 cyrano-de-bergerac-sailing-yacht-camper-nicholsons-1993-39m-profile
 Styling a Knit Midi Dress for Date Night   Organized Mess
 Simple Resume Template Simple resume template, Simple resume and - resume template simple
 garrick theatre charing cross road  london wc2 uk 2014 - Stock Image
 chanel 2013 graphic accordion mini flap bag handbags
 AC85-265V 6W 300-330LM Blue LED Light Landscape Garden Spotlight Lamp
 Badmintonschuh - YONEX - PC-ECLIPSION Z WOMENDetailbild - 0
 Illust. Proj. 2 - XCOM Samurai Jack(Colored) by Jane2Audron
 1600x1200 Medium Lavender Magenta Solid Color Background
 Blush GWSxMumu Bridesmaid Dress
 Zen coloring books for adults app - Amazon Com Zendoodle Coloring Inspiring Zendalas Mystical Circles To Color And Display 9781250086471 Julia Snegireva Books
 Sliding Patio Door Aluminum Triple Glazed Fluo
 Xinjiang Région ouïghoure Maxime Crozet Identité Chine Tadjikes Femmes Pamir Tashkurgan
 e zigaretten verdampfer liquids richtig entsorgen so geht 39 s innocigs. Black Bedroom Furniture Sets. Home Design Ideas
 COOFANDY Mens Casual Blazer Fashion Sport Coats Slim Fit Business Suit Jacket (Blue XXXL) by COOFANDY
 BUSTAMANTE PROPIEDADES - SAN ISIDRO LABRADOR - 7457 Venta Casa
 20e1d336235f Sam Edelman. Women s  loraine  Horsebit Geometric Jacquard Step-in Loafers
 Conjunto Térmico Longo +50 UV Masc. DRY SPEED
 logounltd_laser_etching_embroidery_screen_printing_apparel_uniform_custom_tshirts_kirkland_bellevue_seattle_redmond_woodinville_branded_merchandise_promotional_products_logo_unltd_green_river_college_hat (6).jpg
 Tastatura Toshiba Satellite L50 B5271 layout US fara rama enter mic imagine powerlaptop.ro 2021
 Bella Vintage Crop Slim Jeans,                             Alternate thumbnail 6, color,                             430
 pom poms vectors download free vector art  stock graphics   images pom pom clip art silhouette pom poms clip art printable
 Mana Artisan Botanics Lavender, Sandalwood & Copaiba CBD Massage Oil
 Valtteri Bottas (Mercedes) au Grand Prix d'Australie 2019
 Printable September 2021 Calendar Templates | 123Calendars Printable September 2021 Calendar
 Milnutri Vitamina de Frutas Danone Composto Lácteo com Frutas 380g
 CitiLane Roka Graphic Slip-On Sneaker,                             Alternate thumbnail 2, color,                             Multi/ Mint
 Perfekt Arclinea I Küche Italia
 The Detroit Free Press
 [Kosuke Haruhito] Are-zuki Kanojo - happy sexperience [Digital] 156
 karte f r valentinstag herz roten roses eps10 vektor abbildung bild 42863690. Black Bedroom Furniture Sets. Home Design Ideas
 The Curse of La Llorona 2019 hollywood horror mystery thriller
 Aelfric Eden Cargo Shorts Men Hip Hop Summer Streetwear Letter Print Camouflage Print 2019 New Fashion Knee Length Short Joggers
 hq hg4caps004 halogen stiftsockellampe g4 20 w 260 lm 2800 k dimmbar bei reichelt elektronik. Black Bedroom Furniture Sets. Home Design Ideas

*-*-*

__Try it__:
Taking the lines above, repeat exactly those from the line that contains "BUSTAMANTE PROPIEDADES - SAN" through the line that contains "Conjunto Térmico Longo", and both of those lines as well. Include nothing else.

__Answer to this exercise__:
 BUSTAMANTE PROPIEDADES - SAN ISIDRO LABRADOR - 7457 Venta Casa
 20e1d336235f Sam Edelman. Women s  loraine  Horsebit Geometric Jacquard Step-in Loafers
 Conjunto Térmico Longo +50 UV Masc. DRY SPEED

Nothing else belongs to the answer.